◆ Exercise
Each entry needs to be retyped exactly.

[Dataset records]
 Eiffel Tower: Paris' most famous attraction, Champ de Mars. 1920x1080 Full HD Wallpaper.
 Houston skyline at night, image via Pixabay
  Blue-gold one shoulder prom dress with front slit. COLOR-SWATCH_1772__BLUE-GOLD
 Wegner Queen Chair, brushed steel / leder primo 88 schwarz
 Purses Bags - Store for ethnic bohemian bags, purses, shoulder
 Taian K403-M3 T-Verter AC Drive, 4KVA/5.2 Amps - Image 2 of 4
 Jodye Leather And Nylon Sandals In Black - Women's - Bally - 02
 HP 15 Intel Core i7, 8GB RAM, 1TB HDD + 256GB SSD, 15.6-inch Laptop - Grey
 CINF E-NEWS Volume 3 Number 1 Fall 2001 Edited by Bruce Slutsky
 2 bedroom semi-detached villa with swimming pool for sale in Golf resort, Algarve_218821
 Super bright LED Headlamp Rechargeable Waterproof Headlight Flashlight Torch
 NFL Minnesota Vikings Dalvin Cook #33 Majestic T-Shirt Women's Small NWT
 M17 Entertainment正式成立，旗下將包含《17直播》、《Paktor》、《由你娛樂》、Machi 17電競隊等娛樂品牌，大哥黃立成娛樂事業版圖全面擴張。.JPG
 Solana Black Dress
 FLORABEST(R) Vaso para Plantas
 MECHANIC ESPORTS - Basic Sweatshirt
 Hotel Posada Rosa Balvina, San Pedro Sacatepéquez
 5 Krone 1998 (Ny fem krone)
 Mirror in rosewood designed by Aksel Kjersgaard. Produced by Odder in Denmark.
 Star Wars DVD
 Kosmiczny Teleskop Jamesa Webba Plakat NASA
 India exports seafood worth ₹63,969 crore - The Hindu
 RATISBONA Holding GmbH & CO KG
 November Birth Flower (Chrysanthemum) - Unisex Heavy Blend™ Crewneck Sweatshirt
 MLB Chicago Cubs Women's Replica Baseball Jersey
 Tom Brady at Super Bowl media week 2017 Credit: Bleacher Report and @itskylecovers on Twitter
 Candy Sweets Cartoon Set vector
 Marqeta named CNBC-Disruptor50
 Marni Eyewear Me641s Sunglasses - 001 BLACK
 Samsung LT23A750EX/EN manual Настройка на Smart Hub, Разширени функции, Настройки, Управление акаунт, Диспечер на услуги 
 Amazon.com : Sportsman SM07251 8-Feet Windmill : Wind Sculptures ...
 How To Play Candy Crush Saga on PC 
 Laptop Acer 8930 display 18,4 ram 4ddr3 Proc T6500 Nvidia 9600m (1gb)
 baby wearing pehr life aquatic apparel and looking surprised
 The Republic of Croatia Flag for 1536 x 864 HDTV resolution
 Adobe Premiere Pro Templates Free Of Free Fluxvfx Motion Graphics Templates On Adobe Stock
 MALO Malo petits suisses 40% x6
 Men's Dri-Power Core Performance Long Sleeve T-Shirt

◆ Exercise response
 Eiffel Tower: Paris' most famous attraction, Champ de Mars. 1920x1080 Full HD Wallpaper.
 Houston skyline at night, image via Pixabay
  Blue-gold one shoulder prom dress with front slit. COLOR-SWATCH_1772__BLUE-GOLD
 Wegner Queen Chair, brushed steel / leder primo 88 schwarz
 Purses Bags - Store for ethnic bohemian bags, purses, shoulder
 Taian K403-M3 T-Verter AC Drive, 4KVA/5.2 Amps - Image 2 of 4
 Jodye Leather And Nylon Sandals In Black - Women's - Bally - 02
 HP 15 Intel Core i7, 8GB RAM, 1TB HDD + 256GB SSD, 15.6-inch Laptop - Grey
 CINF E-NEWS Volume 3 Number 1 Fall 2001 Edited by Bruce Slutsky
 2 bedroom semi-detached villa with swimming pool for sale in Golf resort, Algarve_218821
 Super bright LED Headlamp Rechargeable Waterproof Headlight Flashlight Torch
 NFL Minnesota Vikings Dalvin Cook #33 Majestic T-Shirt Women's Small NWT
 M17 Entertainment正式成立，旗下將包含《17直播》、《Paktor》、《由你娛樂》、Machi 17電競隊等娛樂品牌，大哥黃立成娛樂事業版圖全面擴張。.JPG
 Solana Black Dress
 FLORABEST(R) Vaso para Plantas
 MECHANIC ESPORTS - Basic Sweatshirt
 Hotel Posada Rosa Balvina, San Pedro Sacatepéquez
 5 Krone 1998 (Ny fem krone)
 Mirror in rosewood designed by Aksel Kjersgaard. Produced by Odder in Denmark.
 Star Wars DVD
 Kosmiczny Teleskop Jamesa Webba Plakat NASA
 India exports seafood worth ₹63,969 crore - The Hindu
 RATISBONA Holding GmbH & CO KG
 November Birth Flower (Chrysanthemum) - Unisex Heavy Blend™ Crewneck Sweatshirt
 MLB Chicago Cubs Women's Replica Baseball Jersey
 Tom Brady at Super Bowl media week 2017 Credit: Bleacher Report and @itskylecovers on Twitter
 Candy Sweets Cartoon Set vector
 Marqeta named CNBC-Disruptor50
 Marni Eyewear Me641s Sunglasses - 001 BLACK
 Samsung LT23A750EX/EN manual Настройка на Smart Hub, Разширени функции, Настройки, Управление акаунт, Диспечер на услуги 
 Amazon.com : Sportsman SM07251 8-Feet Windmill : Wind Sculptures ...
 How To Play Candy Crush Saga on PC 
 Laptop Acer 8930 display 18,4 ram 4ddr3 Proc T6500 Nvidia 9600m (1gb)
 baby wearing pehr life aquatic apparel and looking surprised
 The Republic of Croatia Flag for 1536 x 864 HDTV resolution
 Adobe Premiere Pro Templates Free Of Free Fluxvfx Motion Graphics Templates On Adobe Stock
 MALO Malo petits suisses 40% x6
 Men's Dri-Power Core Performance Long Sleeve T-Shirt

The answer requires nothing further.